6. Network failure test

  • Simulate offline mode for 30 seconds during load.
  • App shows graceful retry UI instead of crashing or freezing indefinitely.

7. Security sanity test

  • No secrets exposed in client logs or public JS bundles if there is any web wrapper component involved.
  • Authenticated routes reject unauthorized access properly.

Acceptance criteria I would use:

  • Crash-free sessions above 99%.
  • Login completion above 95% on test accounts.
  • Core task completion above 90% in QA runs across iOS and Android versions used by your audience.
  • Zero critical App Store policy blockers remaining before resubmission.

Prevention

This kind of rejection usually comes back when teams ship too close to launch without review discipline. I would put guardrails around product behavior so one broken integration does not become another rejected build next month.

1. Add release gates

  • No deployment unless smoke tests pass for auth, Circle fetches, ConvertKit events fired successfully enough times to prove stability at least 10 times in CI plus staging QA once manually per release candidate.

2. Review code like production code

  • Check auth boundaries first: who can see what?
  • Review input validation on forms that hit Circle or ConvertKit APIs directly through your backend proxy layer if you have one。
  • Keep secrets server-side only whenever possible。

3. Monitor business-critical signals

  • Alert on login failure spikes over 5 percent。
  • Alert on email send failures over 2 percent。
  • Alert on p95 API latency above 800 ms for more than 10 minutes。

4. Design for empty states early

  • A reviewer should never see an empty shell with no explanation。
  • Show sample content,clear loading states,and helpful recovery actions。

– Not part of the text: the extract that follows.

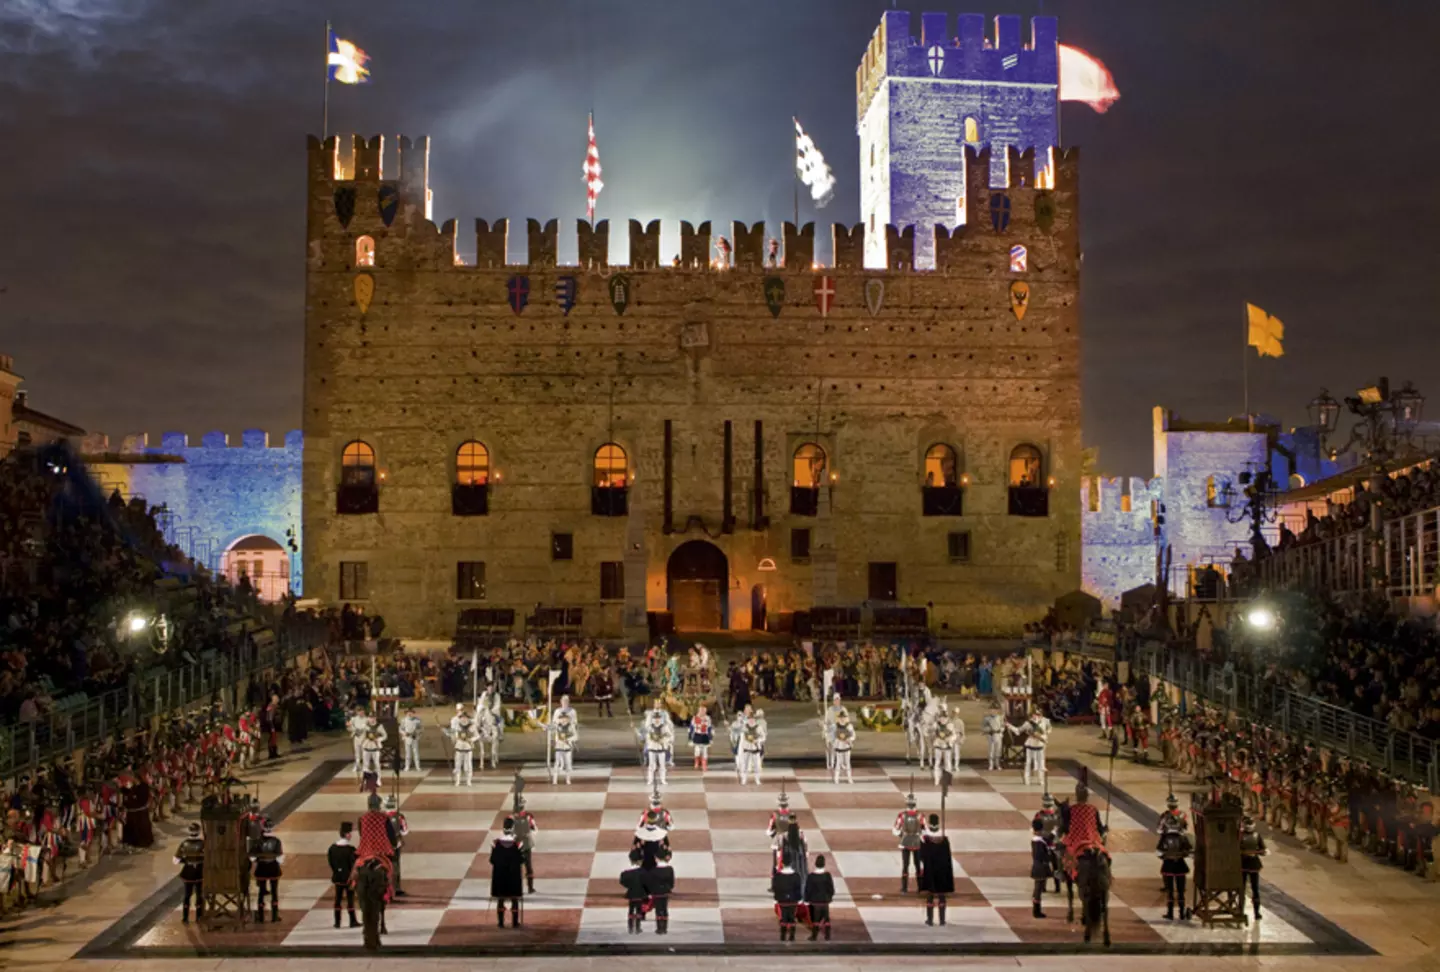 Vimar sponsor Partita a scacchi - Castello medioevale e piazza degli scacchi - Marostica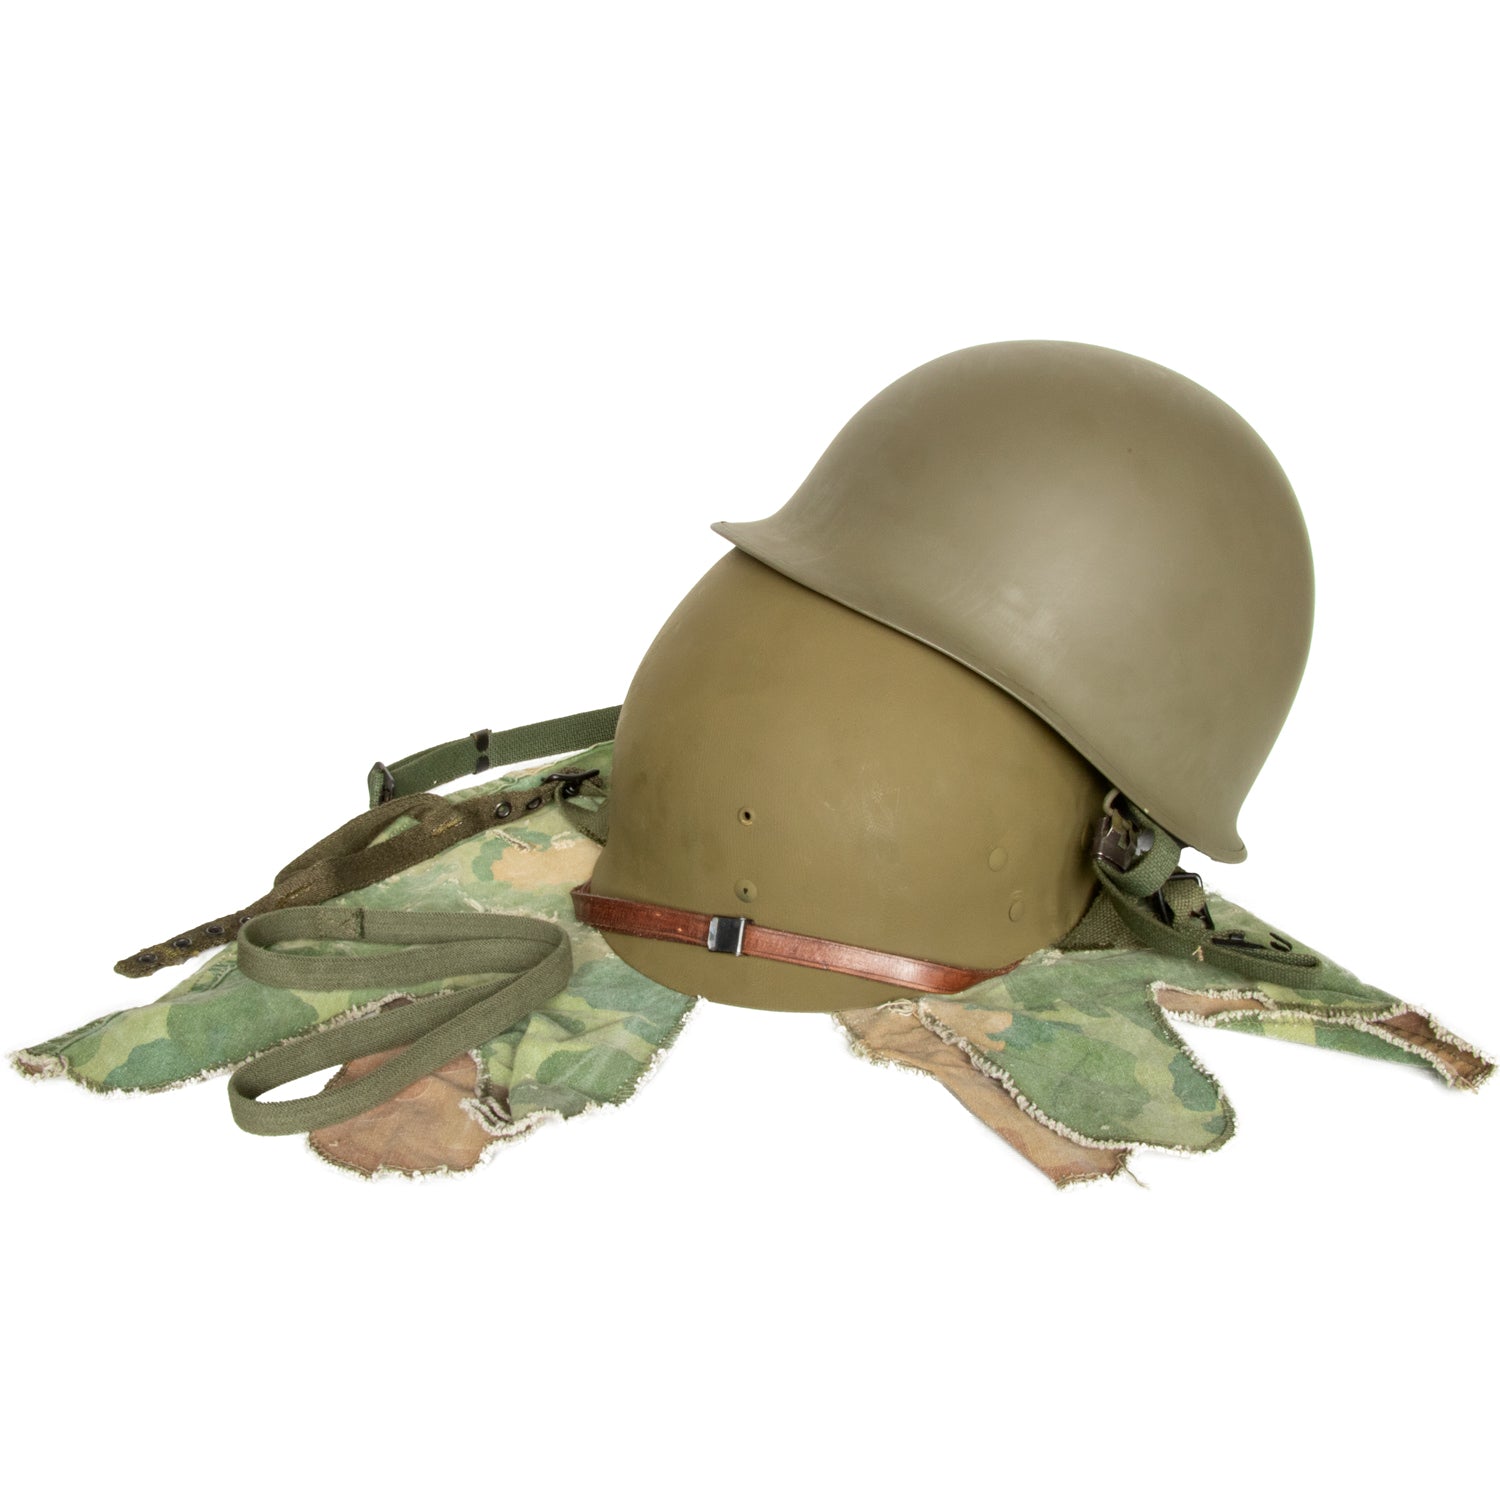 Casque Complet Vietnam Parachutiste Edition Limitée précoce vue complète du casque et du sous casque

5. Keep store compliance updated

  • Re-check privacy labels,support contact,and account deletion every release。
  • If your data collection changes,update disclosures before submitting new builds。

6. Reduce third-party risk

  • Treat Circle,ConvertKit,Cloudflare,and your auth provider as dependencies that can fail。
  • Cache safe data,retry intelligently,and do not let one outage block every screen。

When to Use Launch Ready

For this specific failure mode,Launch Ready covers:

  • DNS fixes so store links resolve correctly。
  • Redirect cleanup so mobile login flows do not break。
  • Subdomains for app,admin,or help pages。
  • Cloudflare setup with SSL,caching,and DDoS protection。
  • SPF/DKIM/DMARC so ConvertKit mail lands properly。
  • Production deployment with environment variables set correctly。
  • Secret handling so you are not shipping broken builds with missing keys。
  • Uptime monitoring plus handover checklist so you know what changed。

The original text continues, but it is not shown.